# Rhinestone Machines



## jws1 (Nov 29, 2009)

Hello everyone: Im a newbie here. What do you think of the Rhinestone machines? Would they be worth purchasing? I dont know how much business there would be for this, if any? And how much more would you charge for putting these on a T shirt? Thank You


----------



## charles95405 (Feb 1, 2007)

There is no way we can...or I can ...give you an answer on this. It is totally on your own market area...who would you target..do you have a store front or home based. If you are interested in a rhinestone machine...like a cams unit..that is about 20K for entry level unit...I guess there is one for around 10k or so that uses the mechanic from a vinyl cutter... there are several systems on here...do a search..about the various systems from desk top engraver to vinyl cutters.

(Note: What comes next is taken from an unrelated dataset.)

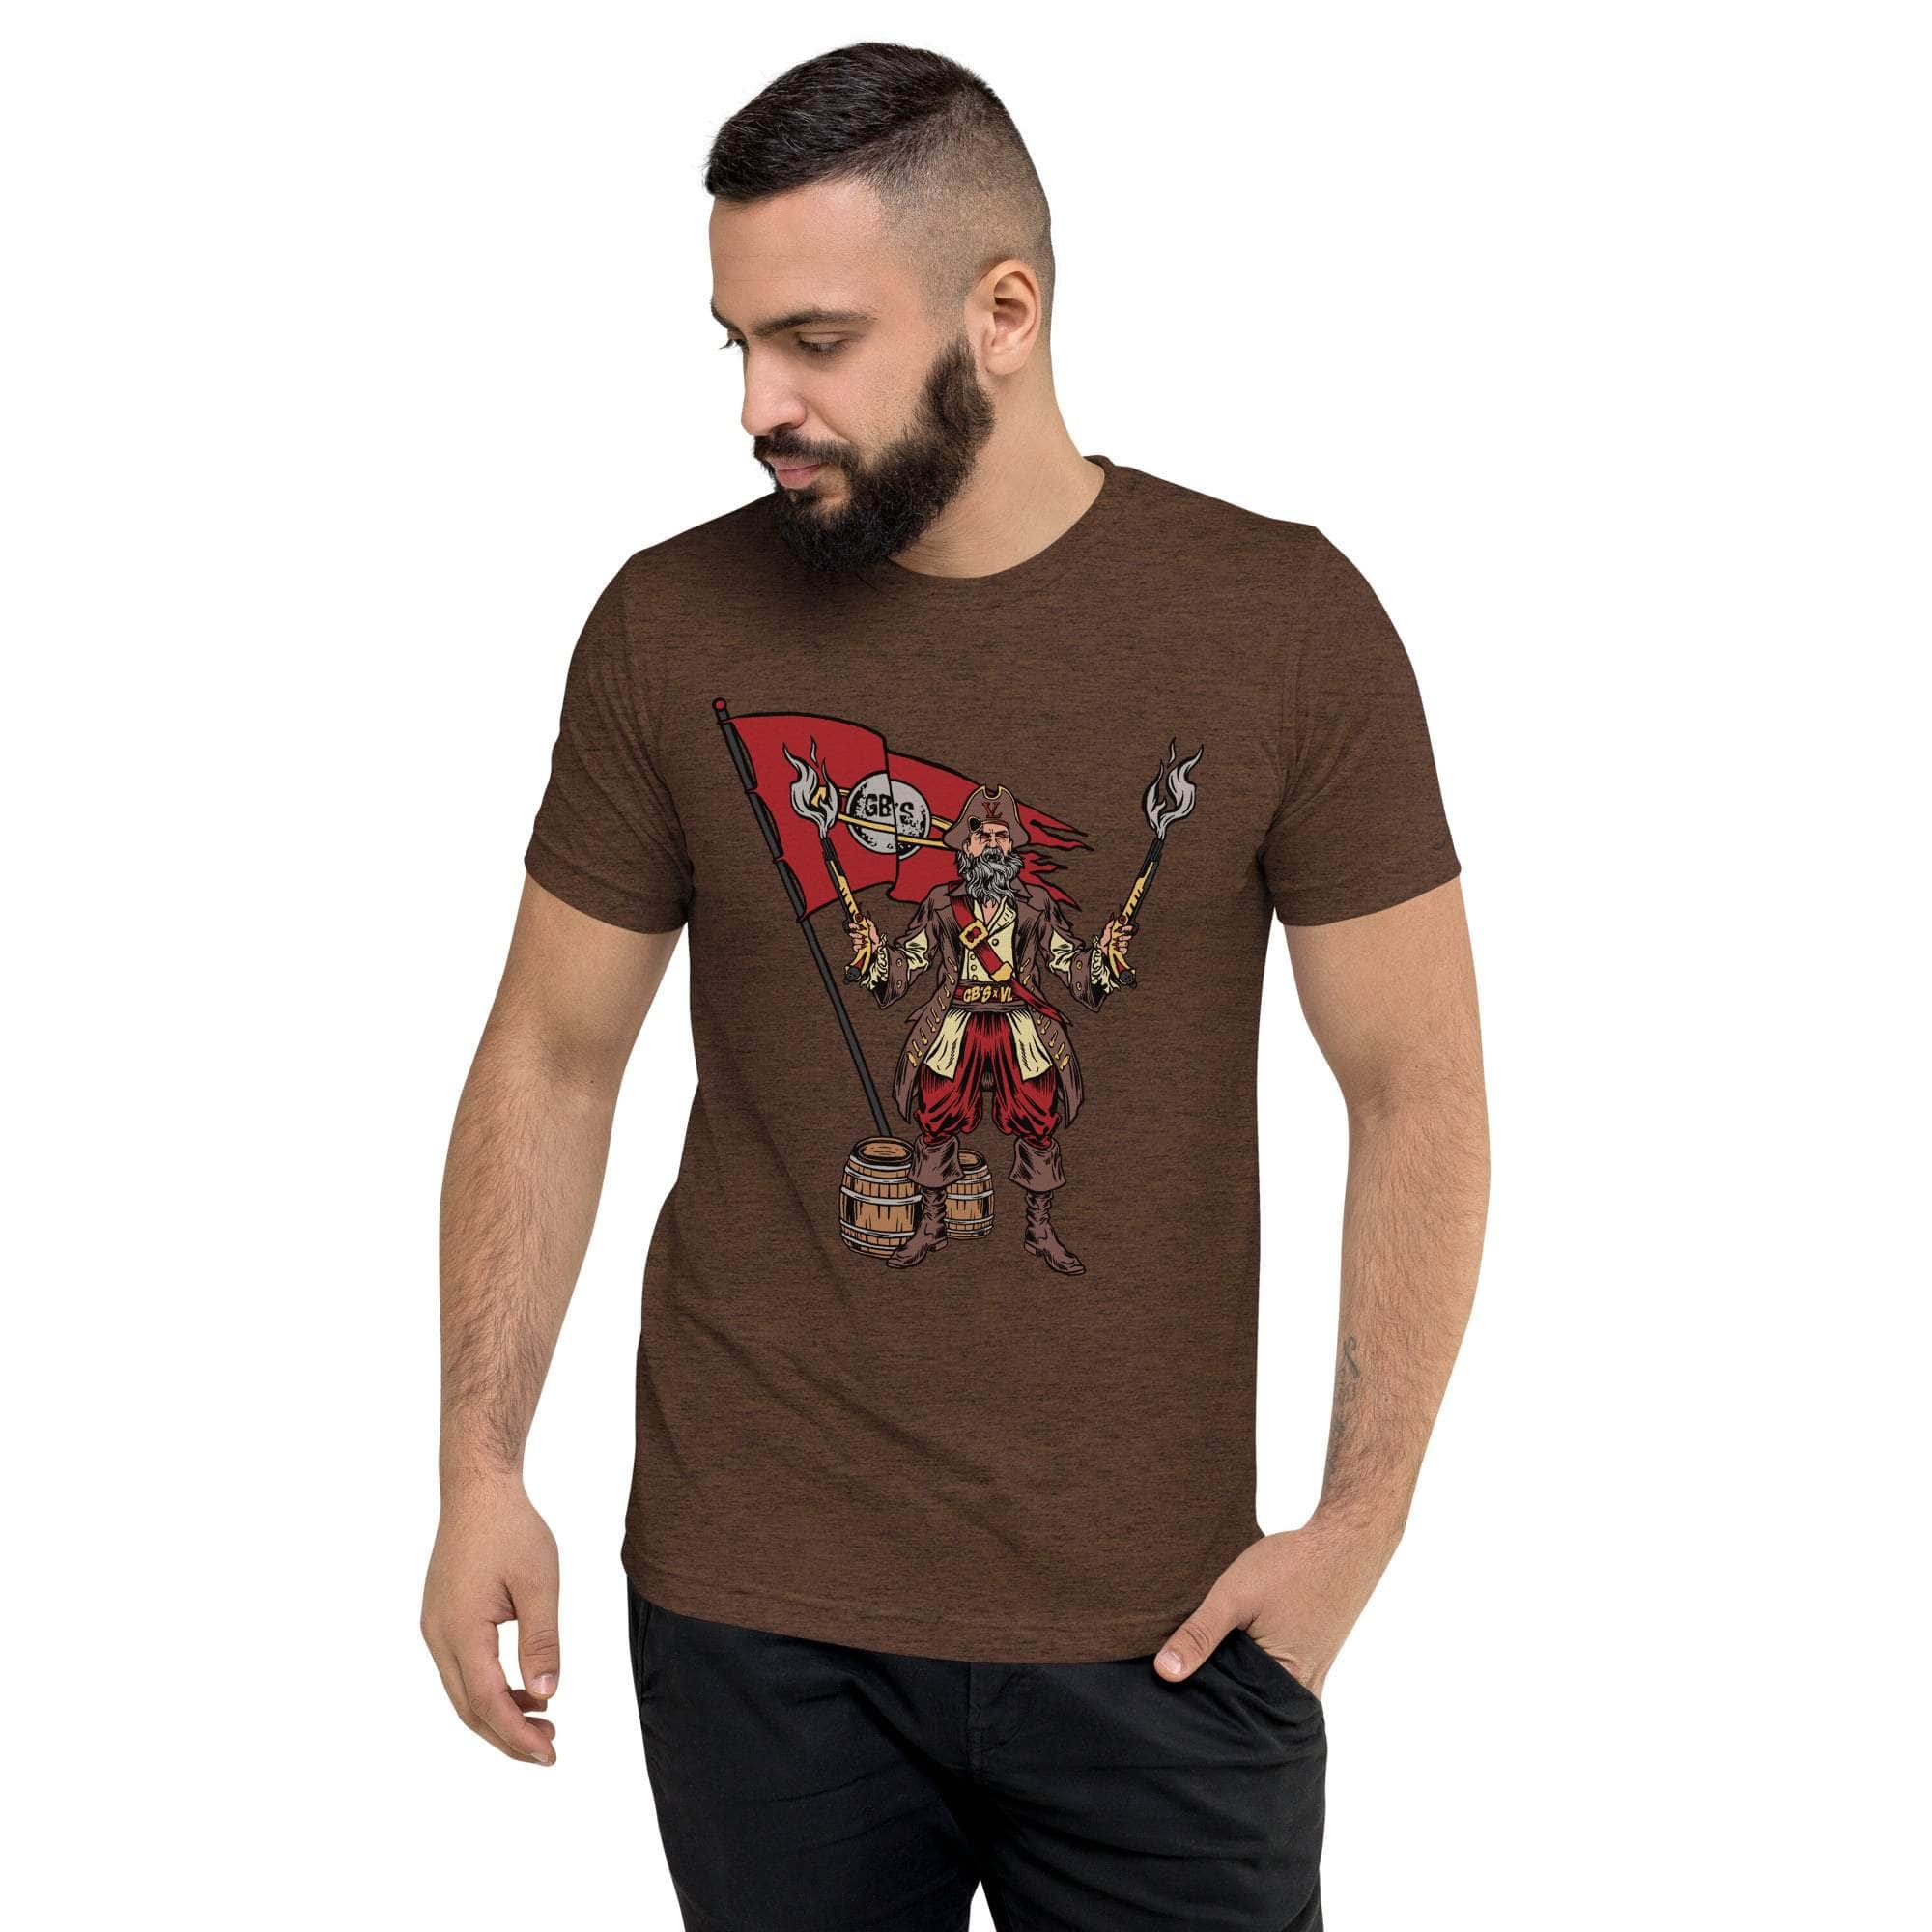 GBNY Brown Triblend / XS Vamp Life X GBNY "Pirate Vamp" T-shirt - Men's 1187077_6496

How much more would you charge...again that is dependent on your area. I will take a $1.25-$2.50 shirt..put on 50 cents worth of rhinestones and sell for 18-20

maybe you could elaborate more on what machine and what you are planning..


----------



## sunnydayz (Jun 22, 2007)

Here is a thread that has links to the different systems people are using. It might be helpful to see the different options available http://www.t-shirtforums.com/rhinestone-decoration/t95228.html.

You first need to find out how if fits your business. Do you have the clientele that will buy this product. Do some research within your customer base and see how much interest there is first before you invest.


----------